One answer to Fermi's paradox is dark. Uranium is ubiquitous. There's so much uranium in the Earth that it's played an important role in keeping our mantle hot, and hence keeping plate tectonics functioning. (We're the only planet we know of with both life and plate tectonics. The recycling of the crust and its essential elements through tectonics suggests this isn't a coincidence.) Because uranium is everywhere in the universe, any advanced civilization would inevitably discover the basics of fission and learn how to create an atomic bomb. So perhaps the solution to Fermi's paradox is that advanced civilizations inevitably annihilate themselves with nuclear war, as we came so close to doing (and still have the potential to achieve). We don't see UFOs buzzing around because given enough time, each nascent civilization enters a nuclear age -- and they don't make it out.

That seems unlikely. Sure, it's reasonable to assume that warfare and conflict are not unique to humans, but would that be universally true for all possible civilizations? Millions of them? Surely one would develop along the lines of The Big Lebowski, a civilization populated with alien versions of The Dude, aspiring not to warfare, but only to abide on a comfortable couch, pontificating about how well the rug tied the room together, while sending radio waves into space proclaiming this slacker anthem.

So maybe the real answer to Fermi's paradox is climate change. Adam Frank's piece in the New York Times put it this way:

From climate change to resource depletion, our evolution into a globe-spanning industrial culture is forcing us through the narrow bottleneck of a sustainability crisis. In the wake of this realization, new and sobering answers to Fermi's question now seem possible.

Maybe we're not the only ones to hit a sustainability bottleneck. Maybe not everyone -- maybe no one -- makes it to the other side.

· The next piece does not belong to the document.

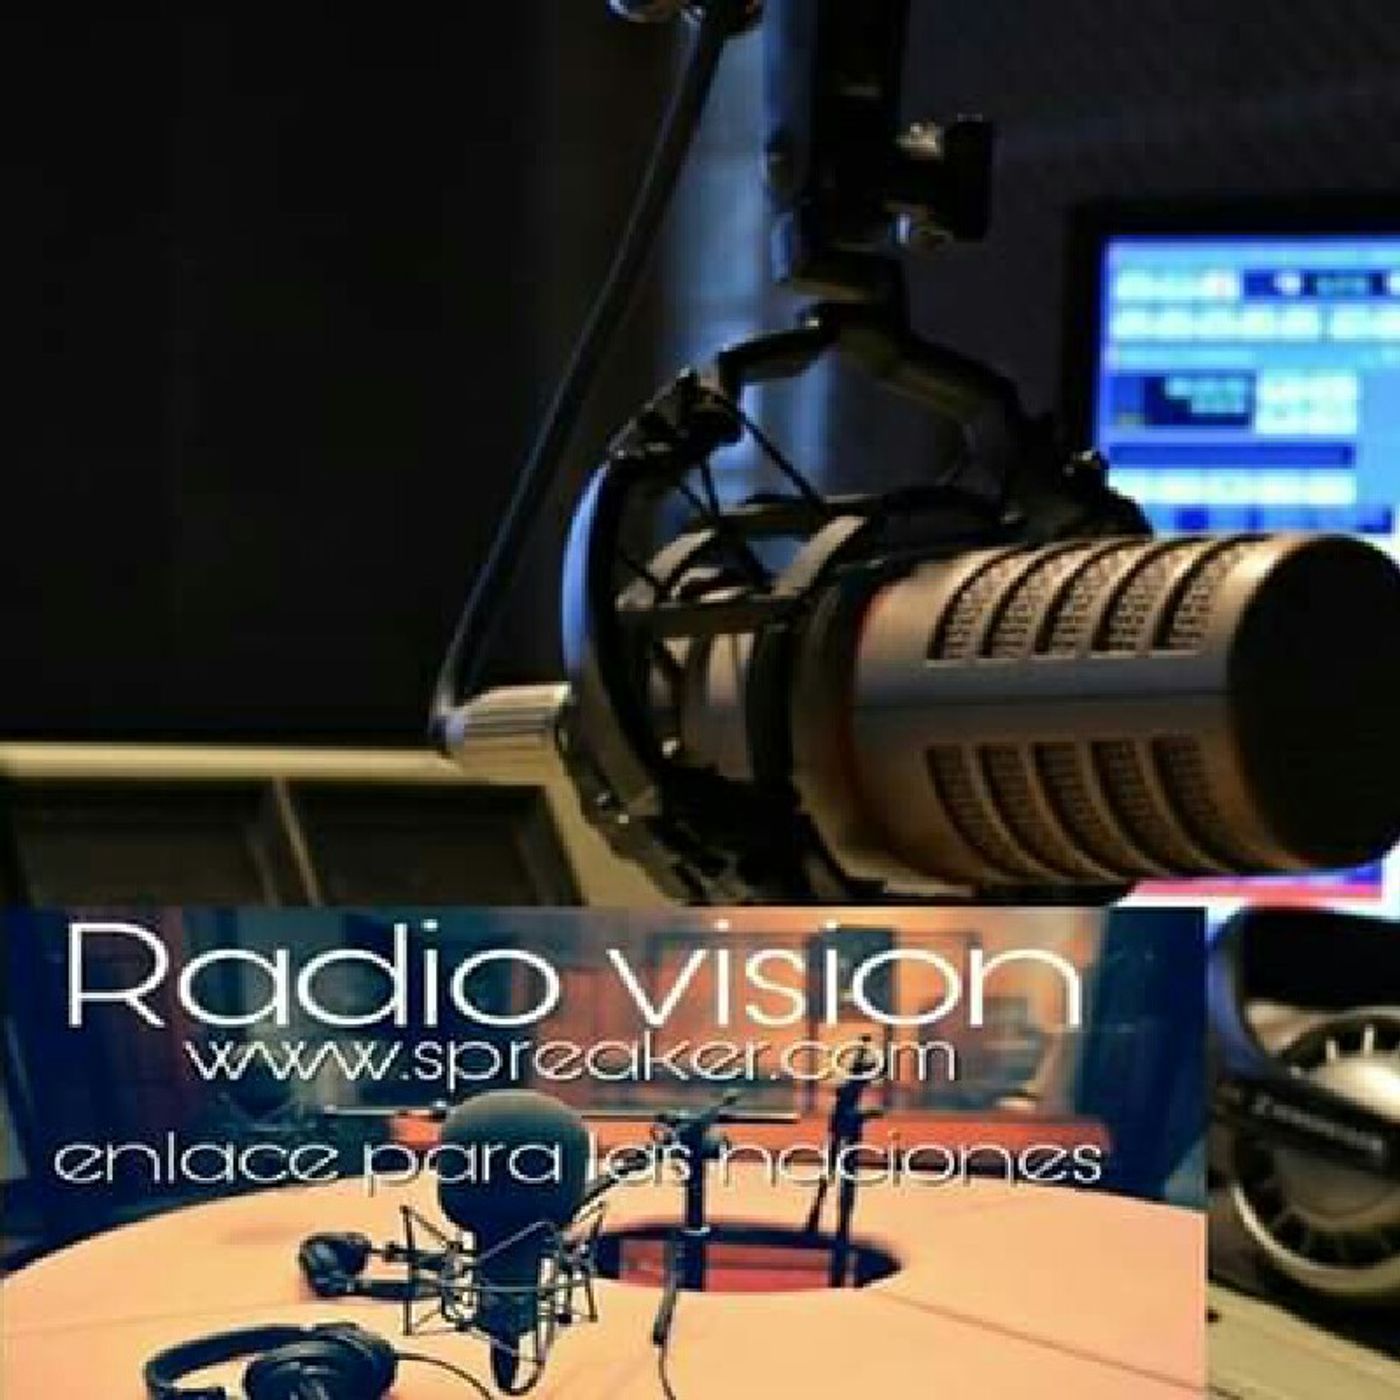 Enlace Para Las Naciones. Radio Vision

An interesting thought. While we can't assume life on other planets employs the same chemistry as our M-class planet, with its nitrogen-oxygen atmosphere, the issue of energy would still come up. In any variety of energy-providing chemical reactions, organisms would still generate and have to deal with waste products. As Frank puts it, "There are no planetary free lunches."

It's notable that Earth's atmosphere has already undergone a major shift due to the activities of organisms. Over three billion years of photosynthesizing bacteria transformed the atmosphere from oxygen depleted to our current 21 percent. The oxygen you breathe now is the waste product of biology that stripped carbon from oxygen to form carbohydrates, some of which were later altered into the hydrocarbons now spewing out the tailpipes of stretch Humvees.

On a vast scale our species pushes this in the other direction, taking carbon and recombining it with oxygen. So far we've been fortunate that our carbon dioxide waste is absorbed in the oceans and used by many other things -- plants, diatoms, mineral weathering -- meaning anthropogenic increases have not been as steep as they could have been. But those natural reservoirs are not infinite, and the rate of carbon dioxide increase is dramatically accelerating. From 1965 to 1974, the rate of carbon dioxide increase averaged 1.06 ppm per year; from 2005 to 2014, the rate doubled to 2.11 ppm per year.

As we continue this planetary-scale geoengineering experiment of pumping carbon dioxide into the atmosphere and seeing what happens, it's worth considering that maybe this path has already been taken by predecessors a long time ago, in galaxies far, far away. Why don't we hear them now?

Maybe Adam Frank's proposal is right, and our current climate crisis is so intractable that other civilizations have tried and failed and collapsed. But we humans did get through the most dangerous phase of the nuclear era, which for so long seemed guaranteed to end us all. At the very least we have the potential to get through our climate conundrum, which, like the nuclear danger, is a failing of our political systems, not our scientific knowledge. Just as Neo in The Matrix had five predecessors who failed, the universe might need a few tries before finally solving the difficult problem of maintaining a civilization without destroying its planet.